**Task requirements:** Below this line is a listing that includes pictures. Copy exactly, and only, the lines from the one containing "Колодка клемна FADO KPK06S SMART 220V 6 зон" through the one containing "ヘッジ講師プログレッシブEpionce Lytic Gel"; the pictures do not go in the copy.

**Excerpted data:**
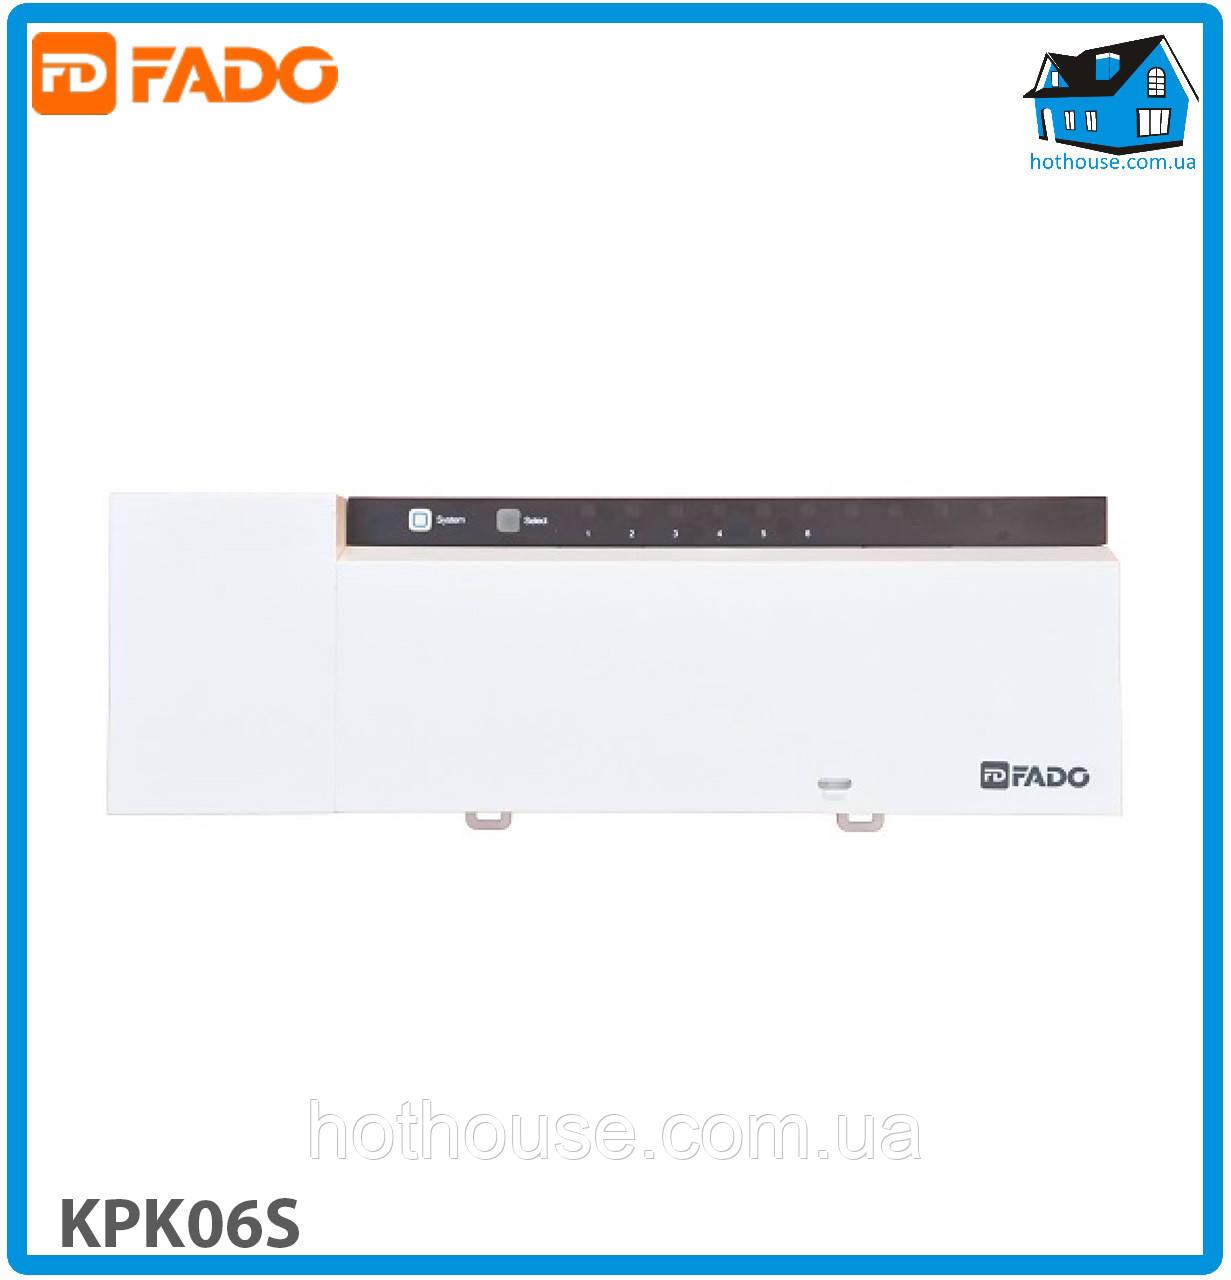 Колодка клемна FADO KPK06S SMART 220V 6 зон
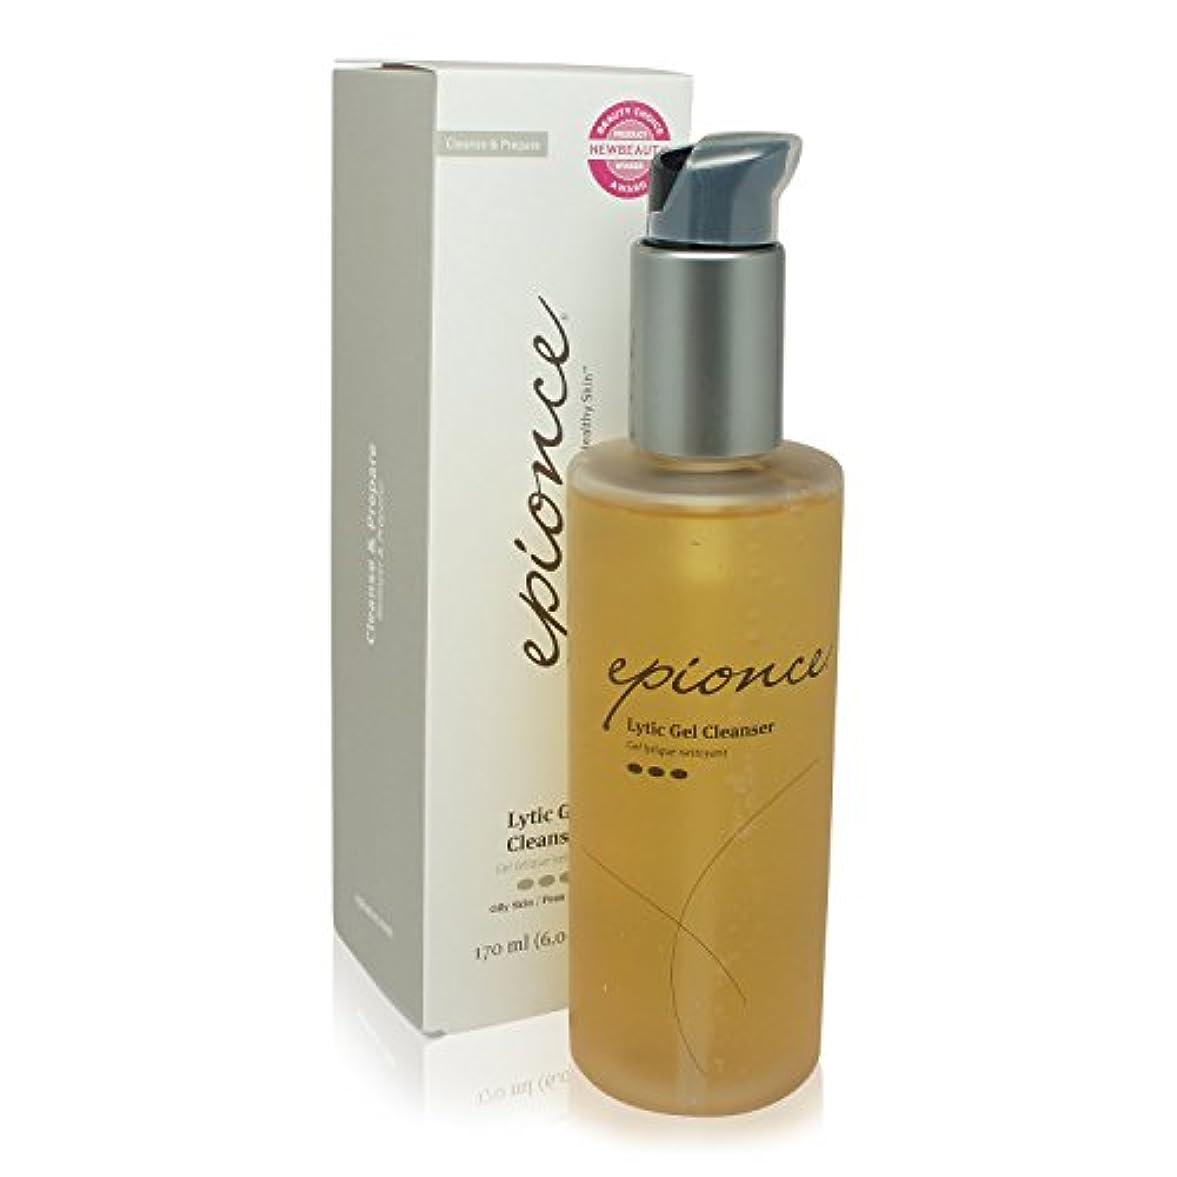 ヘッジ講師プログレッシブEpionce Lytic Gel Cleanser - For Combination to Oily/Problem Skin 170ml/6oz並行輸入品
---
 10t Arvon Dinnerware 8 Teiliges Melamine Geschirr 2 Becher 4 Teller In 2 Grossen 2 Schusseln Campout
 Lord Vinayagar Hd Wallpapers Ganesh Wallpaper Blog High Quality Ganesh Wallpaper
--
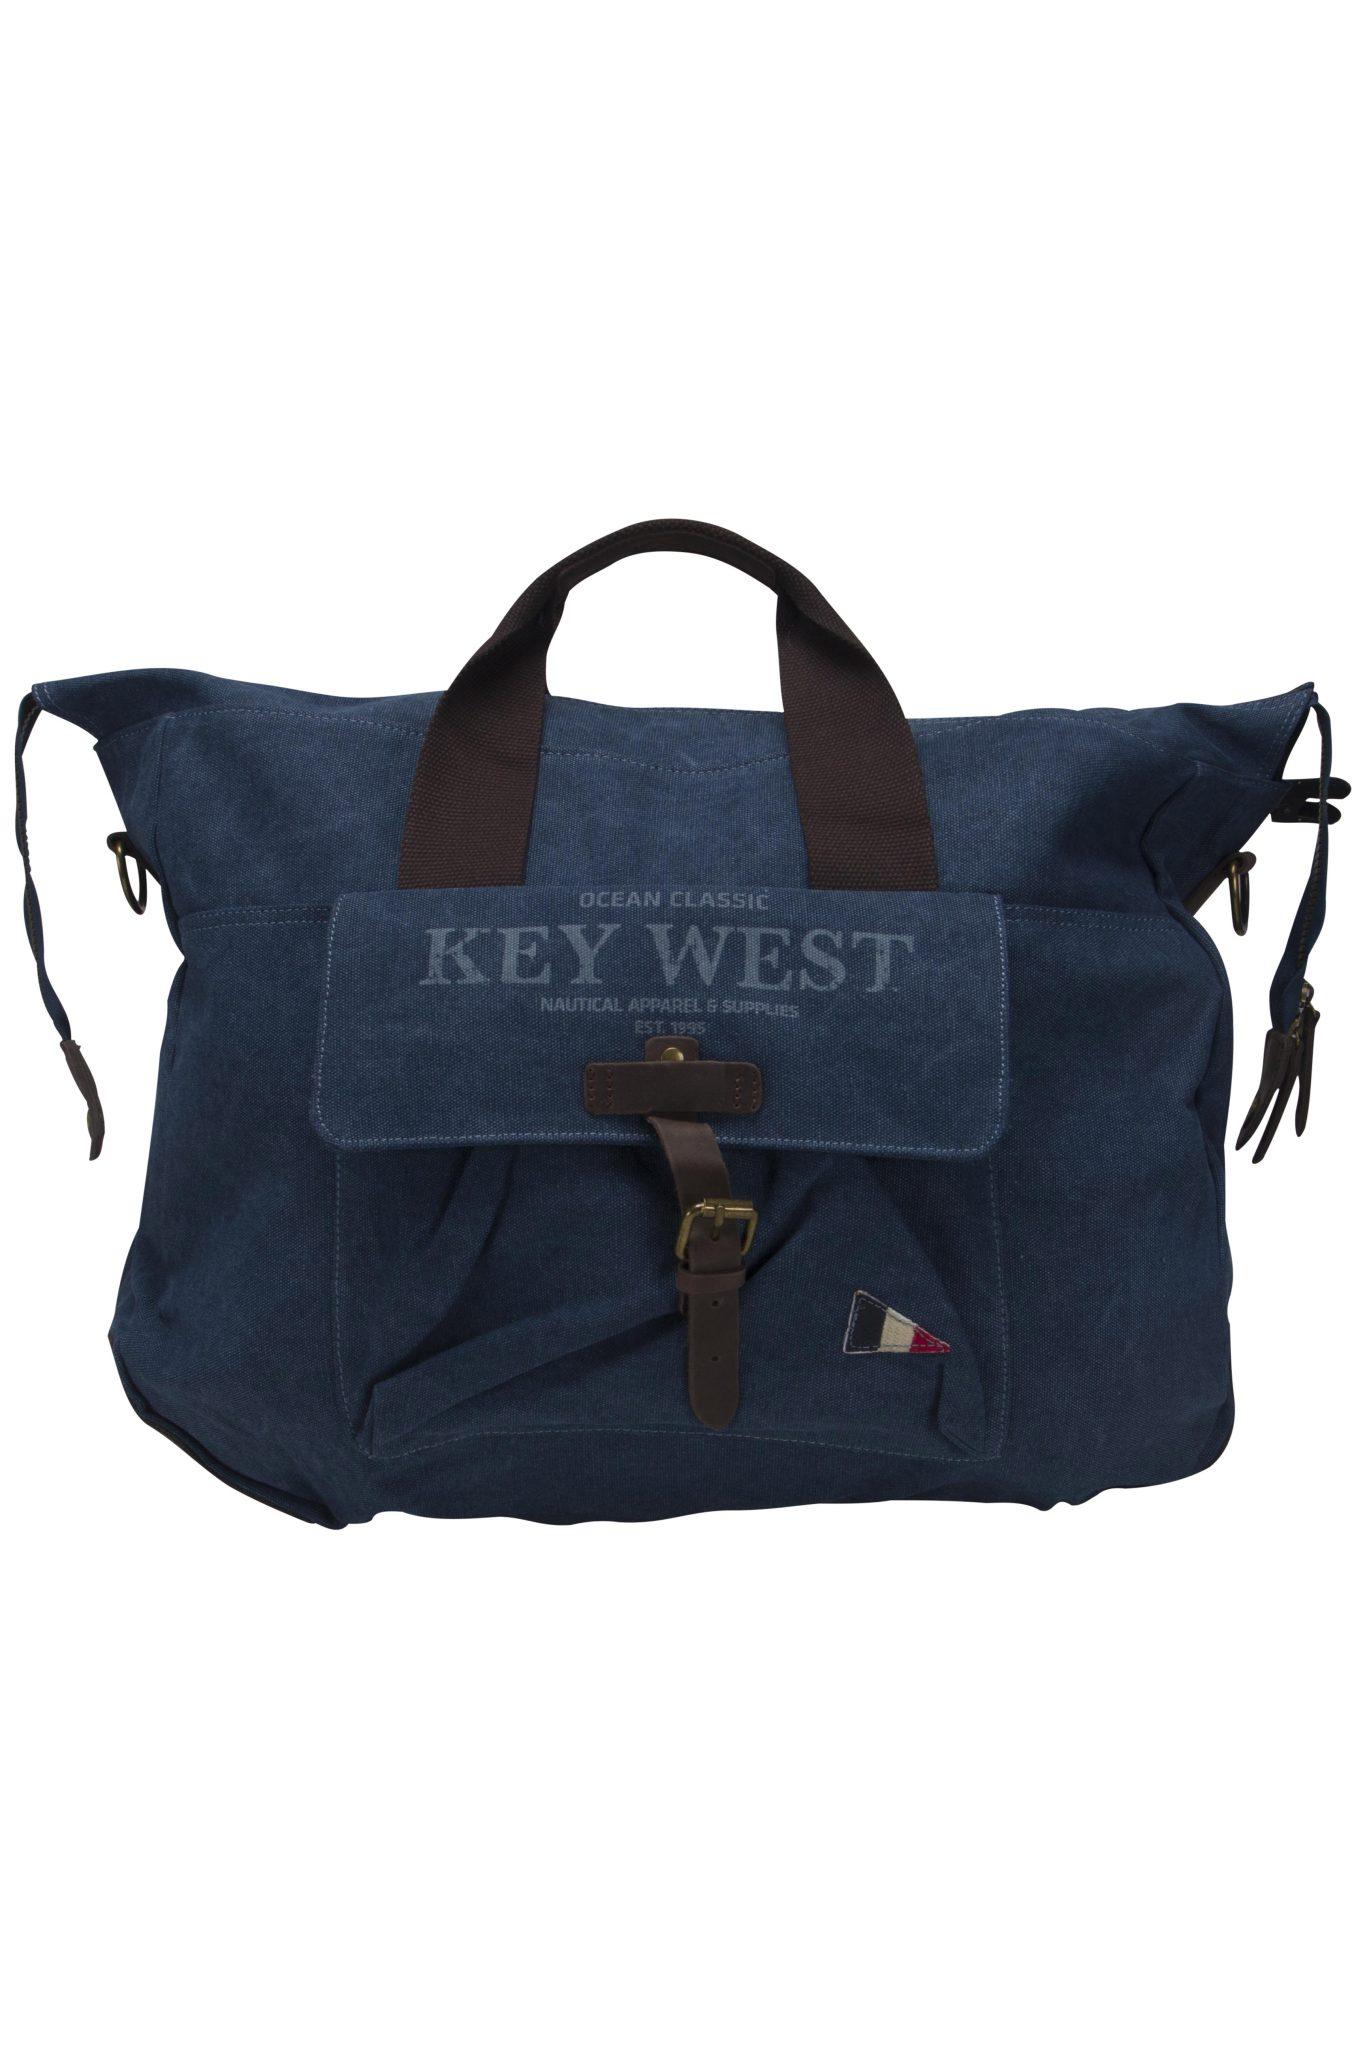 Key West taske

**Output:**
 Колодка клемна FADO KPK06S SMART 220V 6 зон
 ヘッジ講師プログレッシブEpionce Lytic Gel Cleanser - For Combination to Oily/Problem Skin 170ml/6oz並行輸入品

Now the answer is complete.